There had been a time when Vance and I were part of that brunch scene, urban professionals spending our Sundays waiting in line at Barney Greengrass or lounging on hotel rooftops with mimosas in hand. But neither of us had really managed to lean into those experiences. We were both too focused on our careers, antsy to get back to the assignments waiting on our laptops. Our friend Lou had given Vance so much grief for constantly checking his phone that Vance eventually decided we should just stop going to those big group gatherings. I remember thinking back then it was a relief—like we had found time for getting more work done.
Putting in those extra weekend hours was supposed to propel us both toward unparalleled success. At least it had paid off for Vance, who’d managed to remain the permanent darling of his investment bank even while building a labor-intensive podcast on the side.
“Not really,”
Tate answered, bringing me back to the moment. “I took it in high school and one year of college. I could order you a great drink at a bar in Cancún, but that’s about it.”
“I’m going to forward you a text. See what you can make out.”
“You do know you can just Google Translate it, right?”
Tate asked.
“Can you just look at it for me? My hands are full, and it’s starting to rain.”
“I’ll do my best,”
she offered.
I took the phone from my ear and sent off the text.
“Got it,”
Tate said. Then she went quiet as she took a moment to read the message. “This is for your immigration case?”
she asked.
“Yeah. It’s a witness I want to interview.”
“It’s pretty basic stuff,”
Tate said. “She says she can meet with you but she doesn’t speak English. She works until six thirty, but you can come after. And then she said she could see you on miércoles.”
“What’s miércoles?”
“Uh . . .”
She sounded sheepish. “It’s either Tuesday or Wednesday. Or it might be Thursday. I’m Googling now.”
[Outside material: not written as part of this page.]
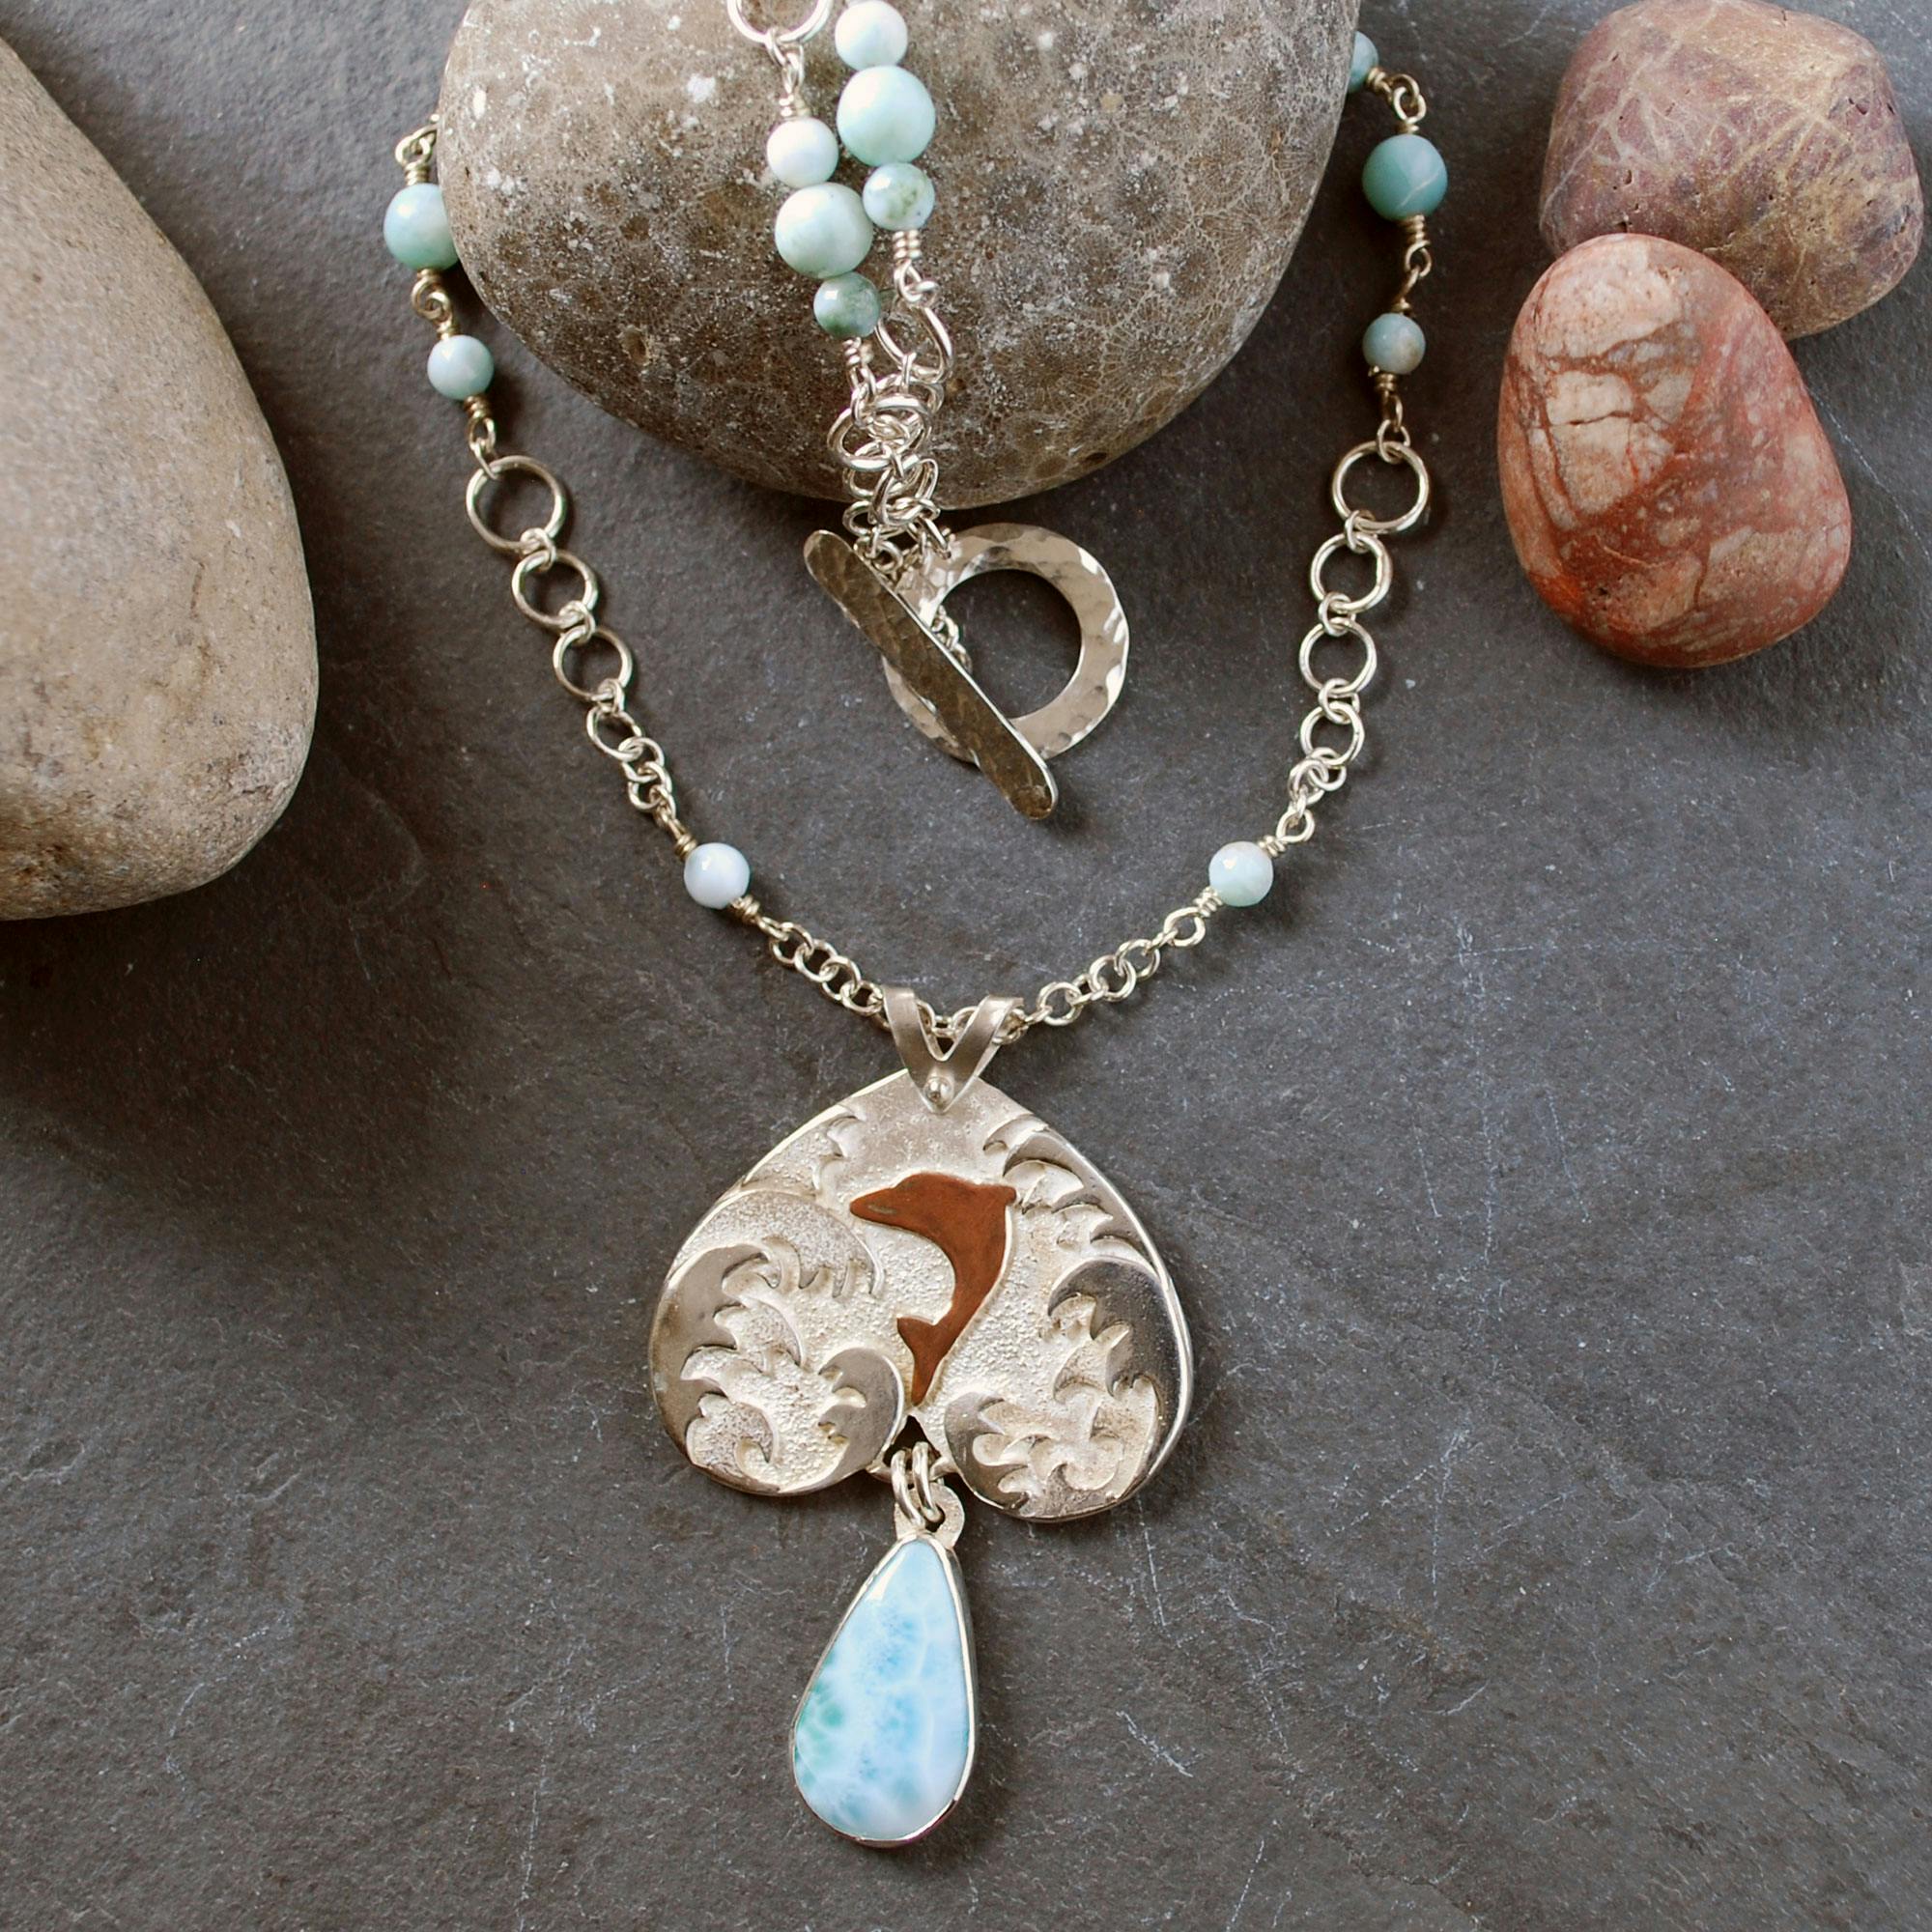 Larimar pendant with dolphin

“Do you think I should call her back?”
I asked as I neared the stairwell to the subway. “Or maybe text her and hope she has someone who can translate what I’ve written?”
I moved under the awning of L’étoile, a French patisserie Gram loved, and leaned against the cool bricks beside the window. I didn’t want to go underground and lose reception before I was finished with the call.
“Yeah, but what about when you actually meet with her? The firm can pay for an interpreter.”
“Maybe.”
I wasn’t ready to tell the powers that be about this other potential aspect of my new pro bono assignment. “This isn’t really part of the actual case I was assigned. I’m still just collecting information.”
“Oh!”
Tate suddenly blurted into the phone, her voice rising with excitement. “You know who speaks Spanish? Dustin Ortiz. You should ask him.”
“Ugh, no,”
I groaned. “I am not asking him for anything.”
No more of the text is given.